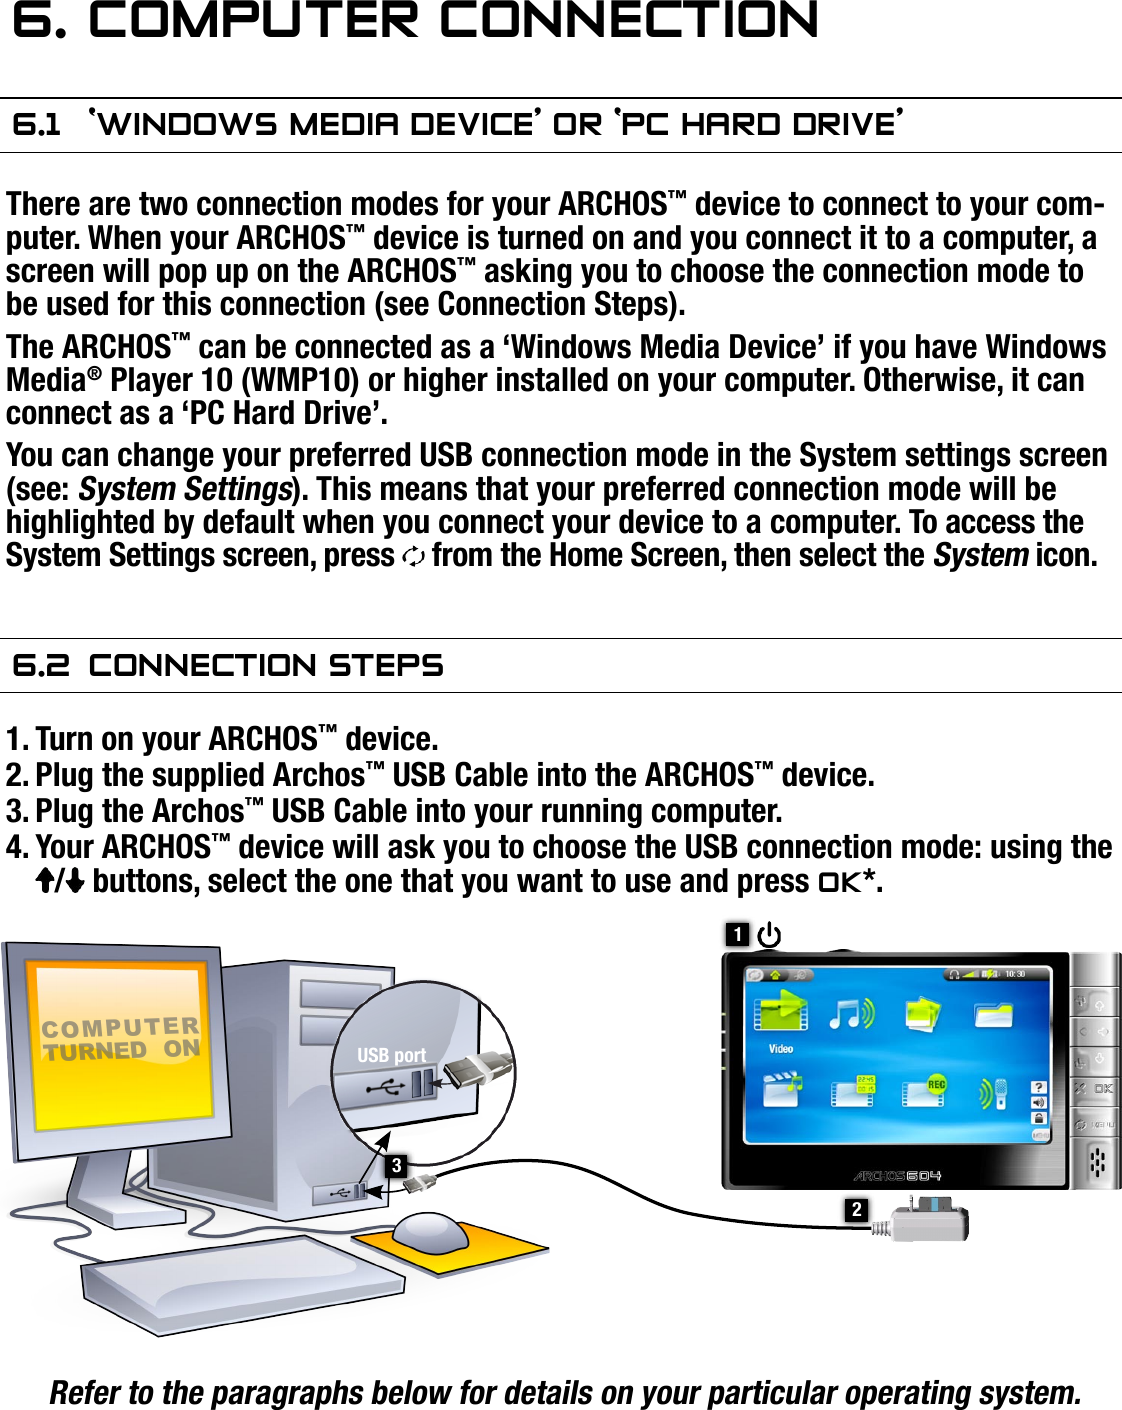 504/604MANUAL V2.0COMPUTER CONNECTION   &gt;   p. 366. COMPuTer COnneCTIOn6.1  ‘wIndOws MedIa deVICe’ Or ‘PC hard drIVe’There are two connection modes for your ARCHOS™ device to connect to your com-puter. When your ARCHOS™ device is turned on and you connect it to a computer, a screen will pop up on the ARCHOS™ asking you to choose the connection mode to be used for this connection (see Connection Steps).The ARCHOS™ can be connected as a ‘Windows Media Device’ if you have Windows Media® Player 10 (WMP10) or higher installed on your computer. Otherwise, it can connect as a ‘PC Hard Drive’.You can change your preferred USB connection mode in the System settings screen (see: System Settings). This means that your preferred connection mode will be highlighted by default when you connect your device to a computer. To access the System Settings screen, press   from the Home Screen, then select the System icon.6.2  COnneCTIOn sTePsTurn on your ARCHOS™ device.Plug the supplied Archos™ USB Cable into the ARCHOS™ device.Plug the Archos™ USB Cable into your running computer.Your ARCHOS™ device will ask you to choose the USB connection mode: using the /  buttons, select the one that you want to use and press OK*.Refer to the paragraphs below for details on your particular operating system.* If you select ‘Charge only’, your device will just charge its batteries via the USB cable. You can use it as normal. At any time, you will be able to enable the USB con-nection by selecting the Enable USB menu item in the Home Screen.1.2.3.4.21COMPUTER TURNED  ONUSB port3
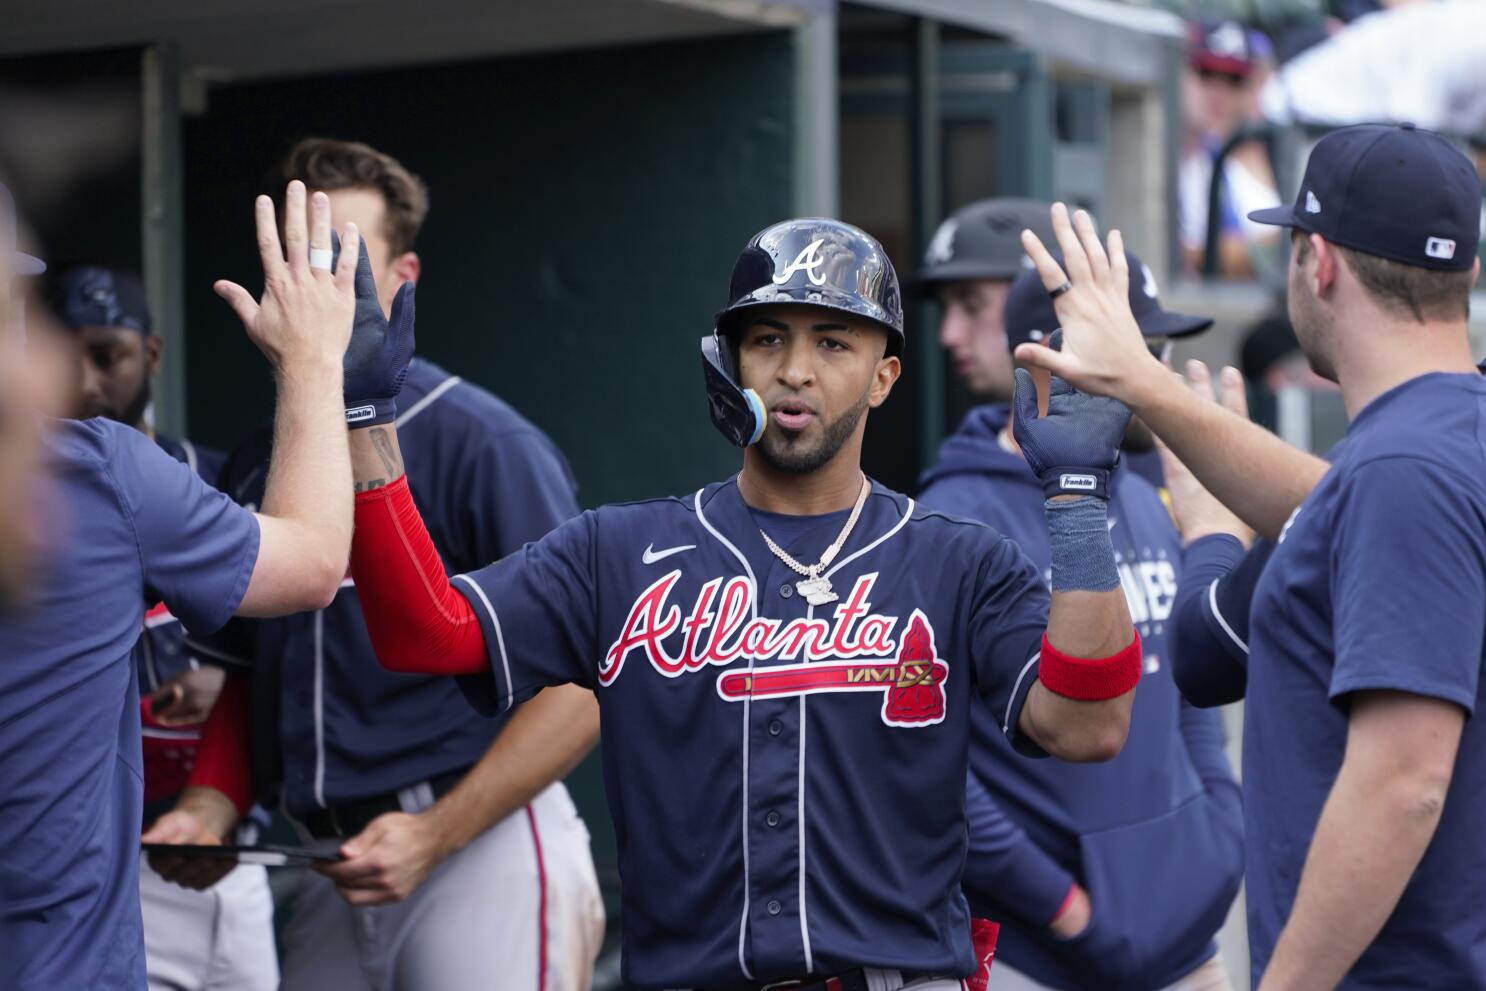 Rosario homer leads Braves to sweep Tigers in doubleheader - The
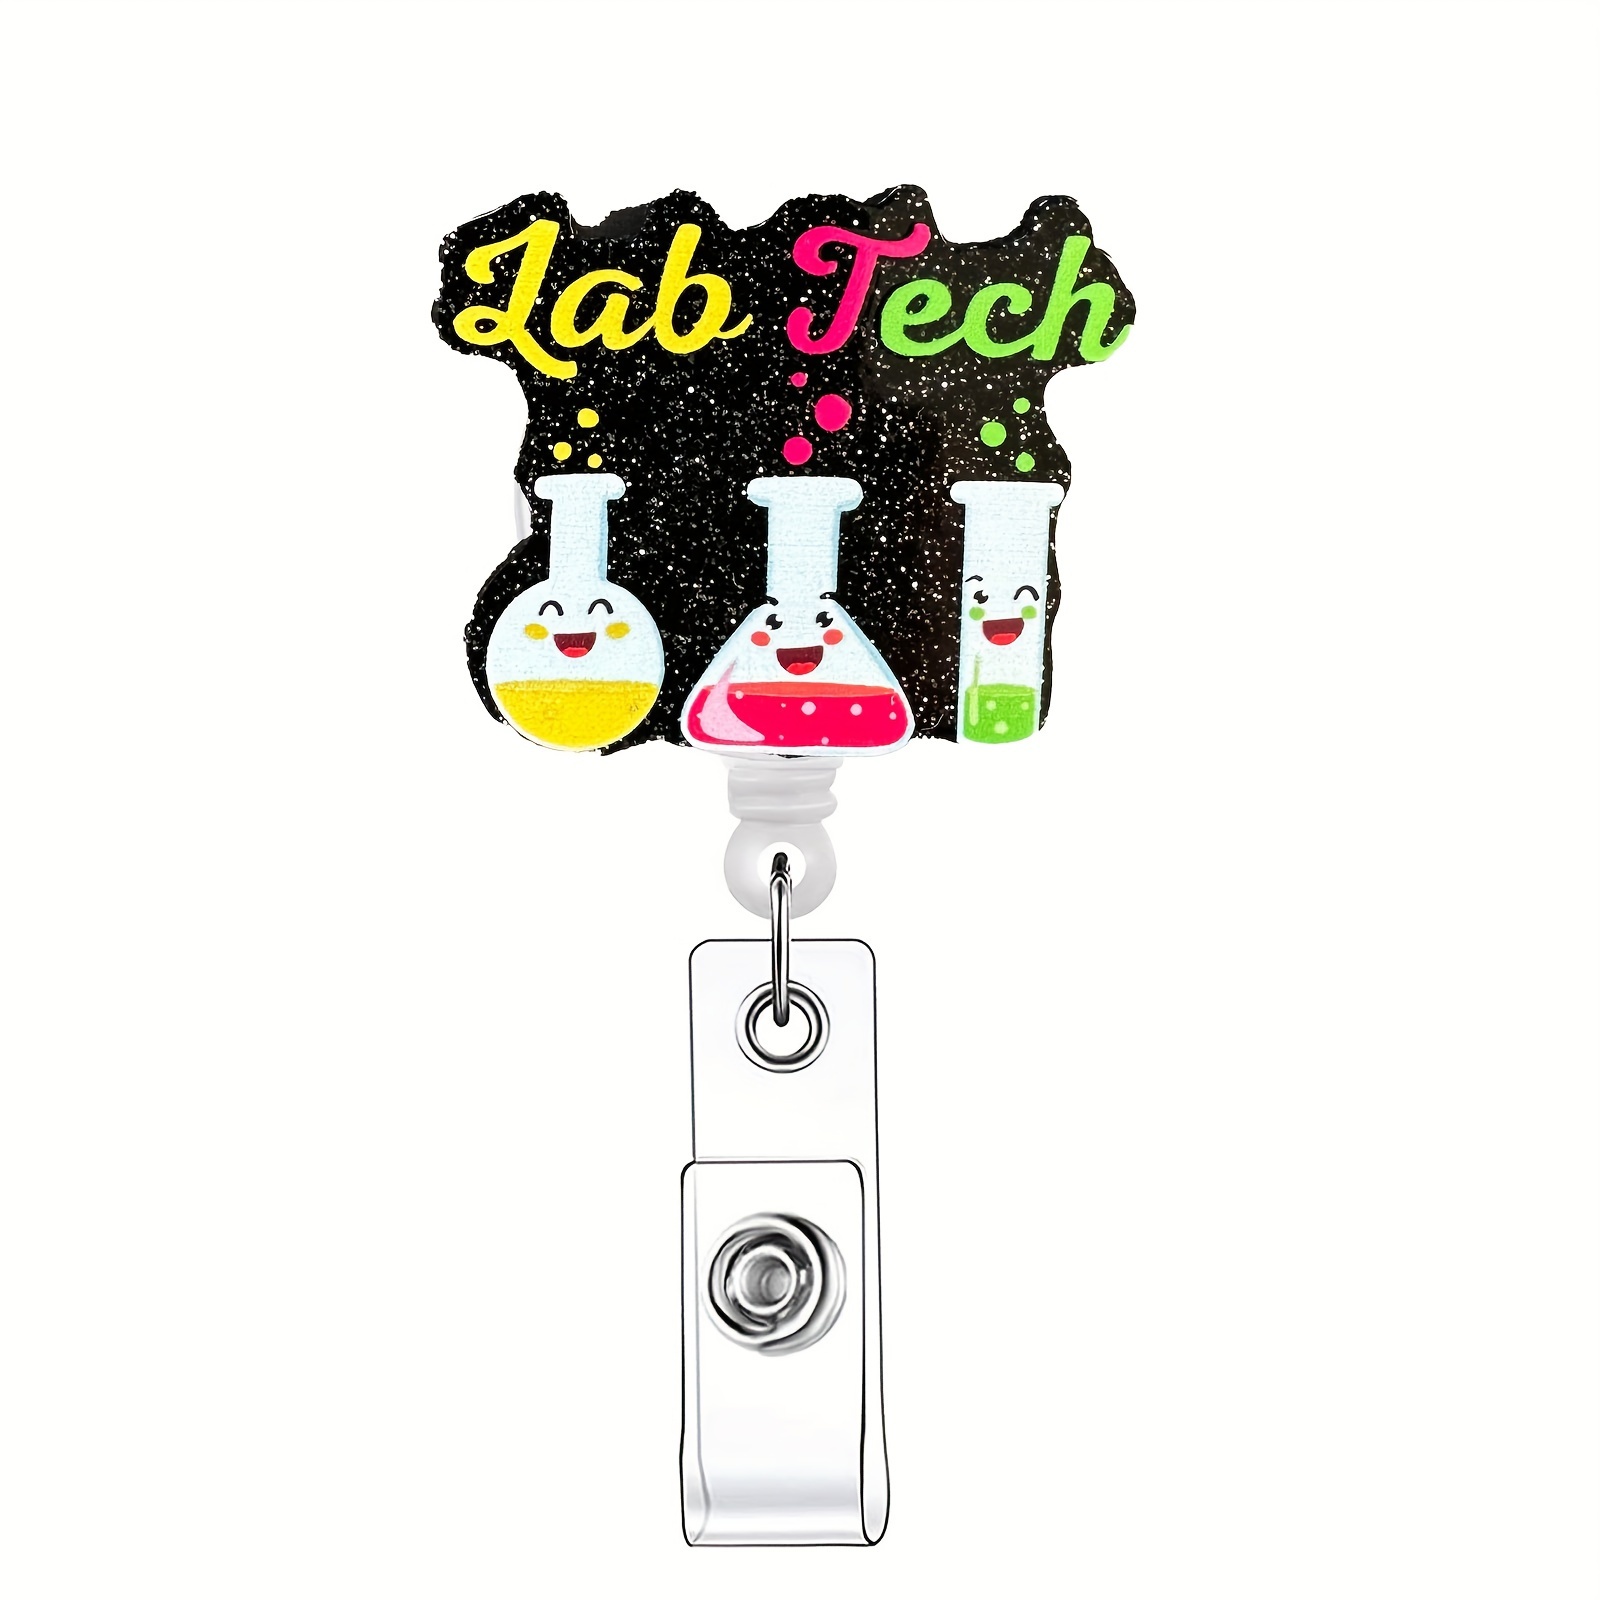 Coffee is My Blood Type Badge Reels Retractable with ID Clip Bling

- **WORK TO BE COMPLETED**
Restate exactly, and only, the lines from the one that holds "Rosario homer leads" down to the last line of the material above. Omit the pictures.

- **ANSWER TO THE PROBLEM**
 Rosario homer leads Braves to sweep Tigers in doubleheader - The
 Coffee is My Blood Type Badge Reels Retractable with ID Clip Bling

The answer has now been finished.